# Integrate the following int sqrt(x^2+81) dx?

Feb 7, 2017

$\frac{x \sqrt{{x}^{2} + 81}}{2} + \frac{81}{2} \ln | \frac{x + \sqrt{{x}^{2} + 81}}{9} | + C$

#### Explanation:

Use trig substitution. Let $x = 9 \tan \theta$. Then $\mathrm{dx} = 9 {\sec}^{2} \theta d \theta$.

$\implies \int \sqrt{{\left(9 \tan \theta\right)}^{2} + 81} \cdot 9 {\sec}^{2} \theta d \theta$

$\implies \int \sqrt{81 {\tan}^{2} \theta + 81} \cdot 9 {\sec}^{2} \theta d \theta$

$\implies \int \sqrt{81 \left({\tan}^{2} \theta + 1\right)} \cdot 9 {\sec}^{2} \theta d \theta$

$\implies \int \sqrt{81 {\sec}^{2} \theta} \cdot 9 {\sec}^{2} \theta d \theta$

$\implies \int 9 \sec \theta \cdot 9 {\sec}^{2} \theta d \theta$

$\implies \int 81 {\sec}^{3} \theta d \theta$

$\implies 81 \int {\sec}^{3} \theta d \theta$

This is a relatively known integral.

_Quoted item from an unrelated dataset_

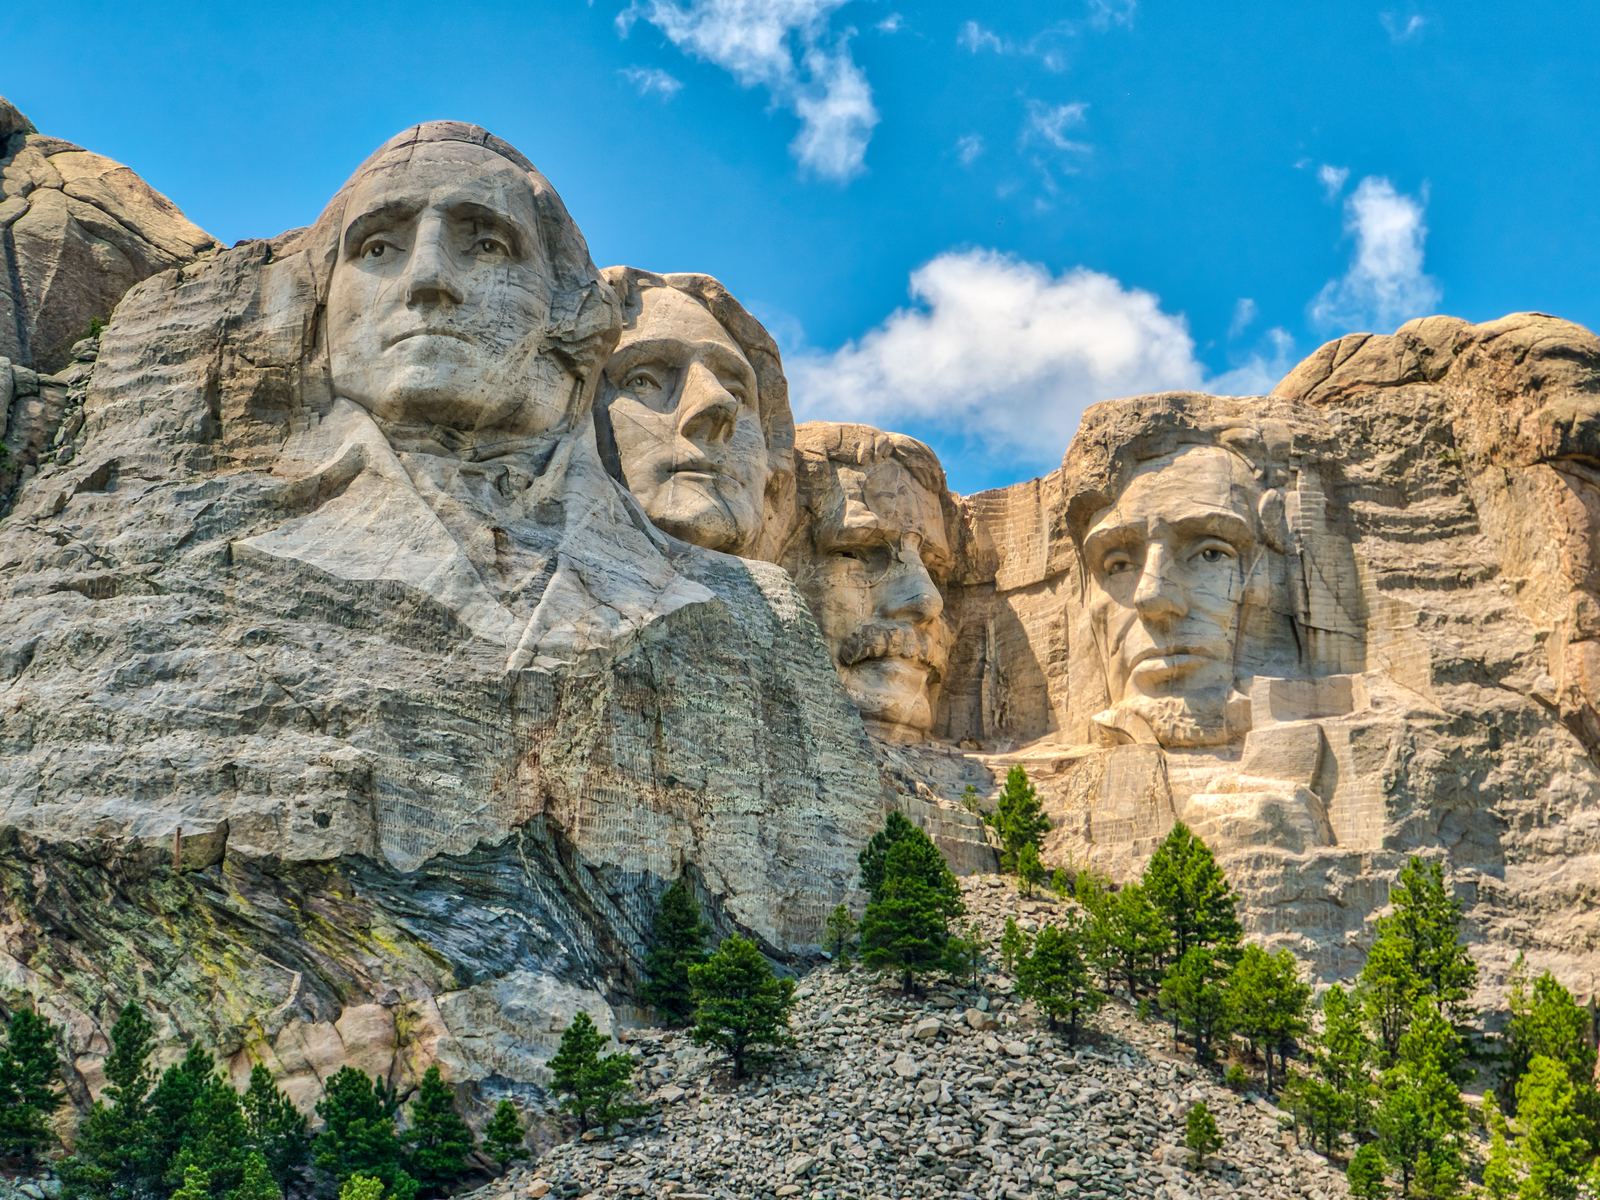 The famous landmark and one of the best South Dakota tourist attractions, Mount Rushmore National Monument where the faces of four US presidents are sculpted on a mountain
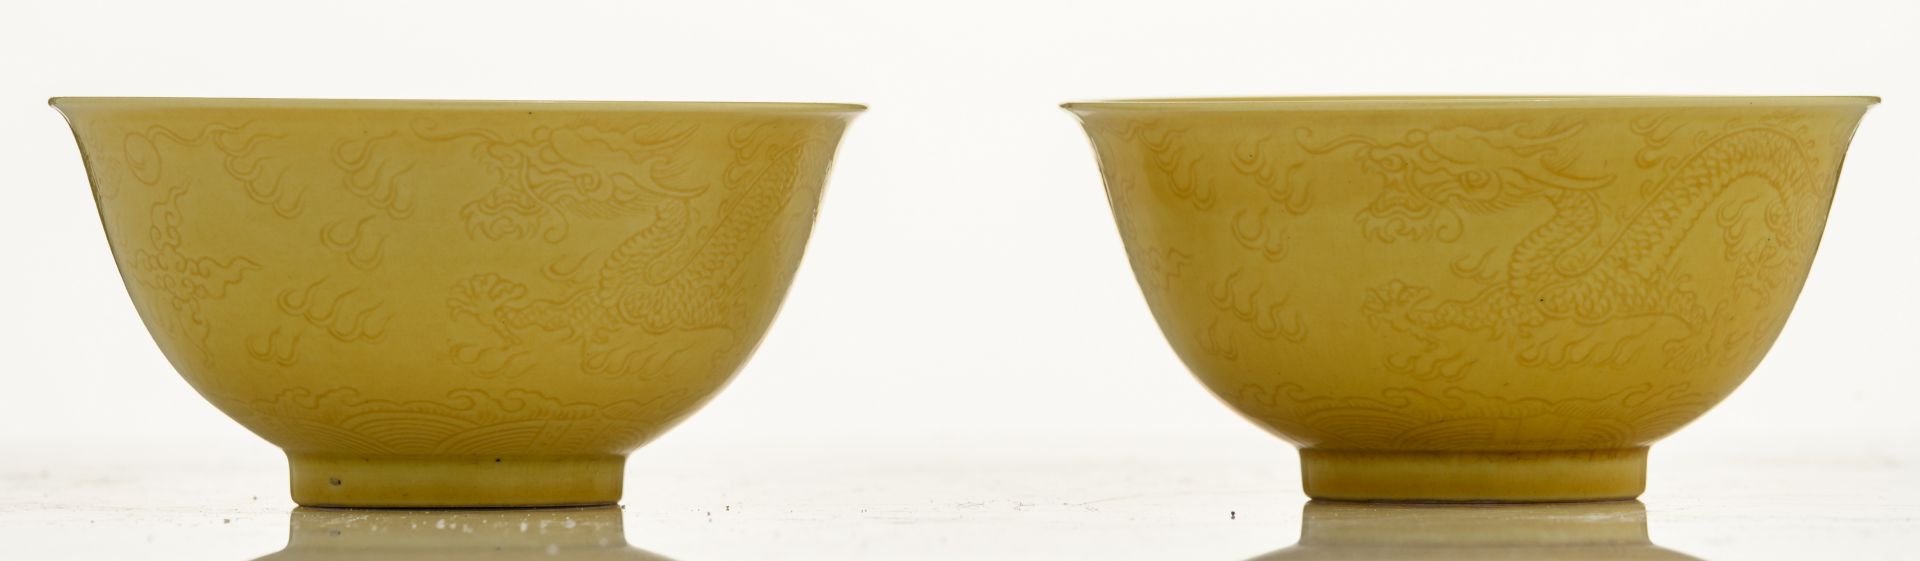 A pair of Chinese yellow glazed imperial bowls, with incised dragons on the outside, marked - Image 2 of 8

The proof can be found here.

$\implies \frac{81}{2} \sec \theta \tan \theta + \frac{81}{2} \ln | \sec \theta + \tan \theta | + C$

We know from our initial substitution that $\tan \theta = \frac{x}{9}$. This means the hypotenuse of the triangle would have a hypotenuse of $\sqrt{{x}^{2} + 81}$.

$\implies \frac{81}{2} \left(\frac{\sqrt{{x}^{2} + 81}}{9}\right) \left(\frac{x}{9}\right) + \frac{81}{2} \ln | \frac{\sqrt{{x}^{2} + 81}}{9} + \frac{x}{9} | + C$

$\implies \frac{x \sqrt{{x}^{2} + 81}}{2} + \frac{81}{2} \ln | \frac{x + \sqrt{{x}^{2} + 81}}{9} | + C$

Hopefully this helps!